Last month, in one of the biggest data breaches of all time, 1.2 BILLION records were leaked, containing email addresses and phone numbers from various social media and other sites from around the web.

The good news is that, at least in this case, the data did not include passwords, credit card numbers or Social Security numbers. This is good because that means the actual accounts this information came from have not necessarily been compromised.

But the question remains, what should you do after your account information has been made public?

We at Fishhook are not experts in online security or identity fraud, but we can point you to those who are.

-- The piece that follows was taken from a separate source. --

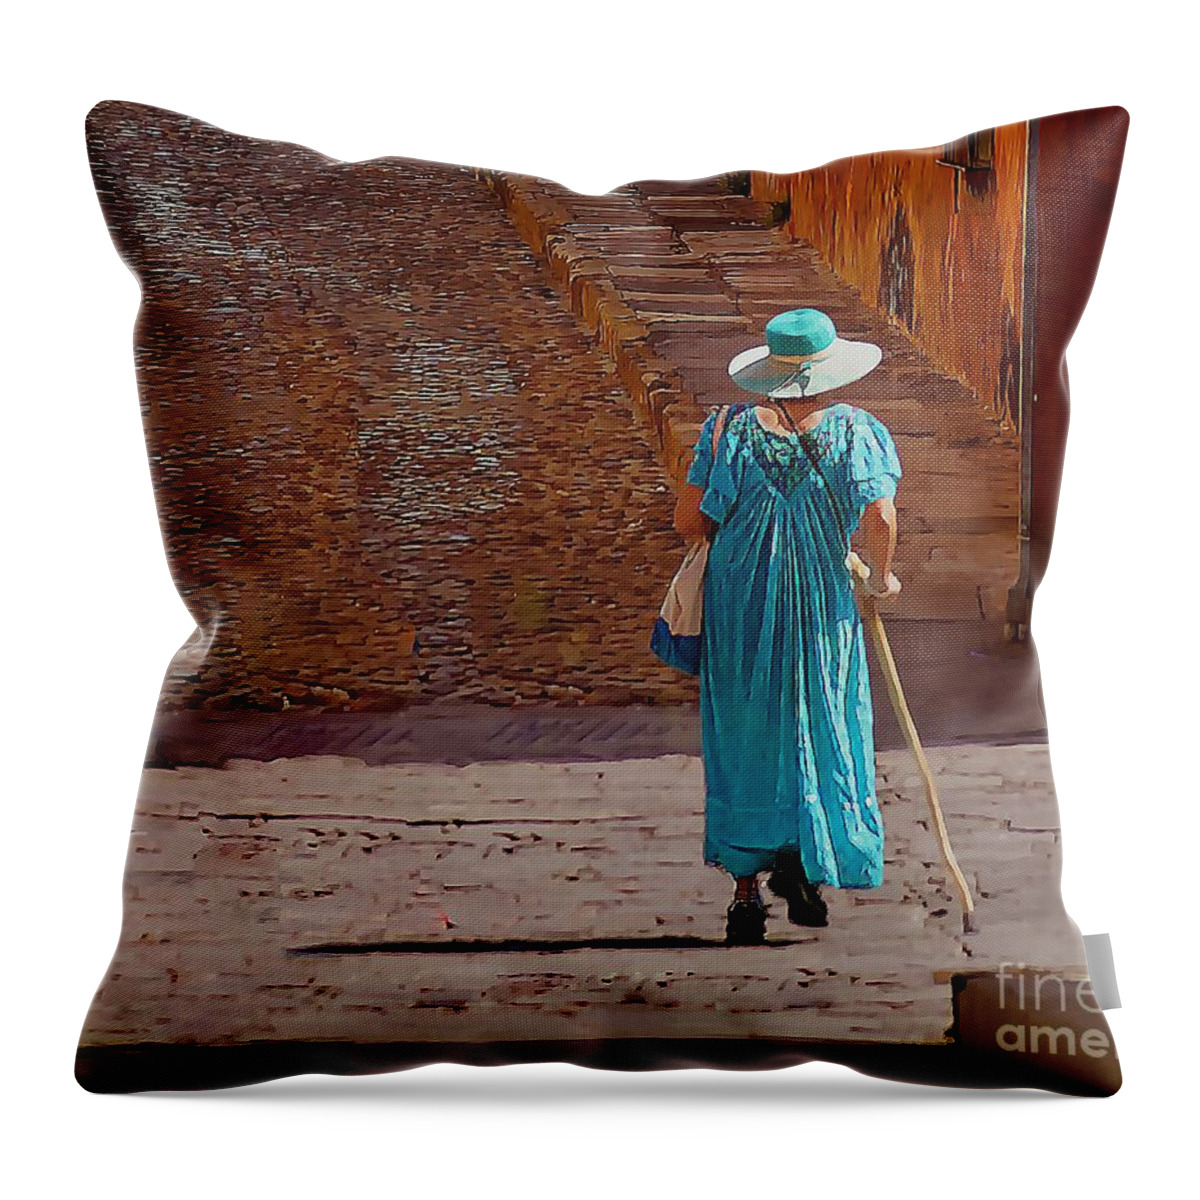 John+kolenberg Throw Pillow featuring the photograph A Woman Walking Home by John Kolenberg

According to NortonLifeLock, there is not a lot you can do about regaining your internet anonymity, but there are steps you can take to ensure that bad actors do not gain access to your personal accounts.

Changing your passwords and ensuring they are strong can help protect your accounts. That includes strengthening your login credentials, passwords, and security questions/answers.

Mozilla, makers of the Firefox browser, offer this advice about improving your Internet security:

Data breaches are one of many online threats. Using secure internet connections, updating your software, avoiding scam emails, and employing better password hygiene will help you stay safer while you browse.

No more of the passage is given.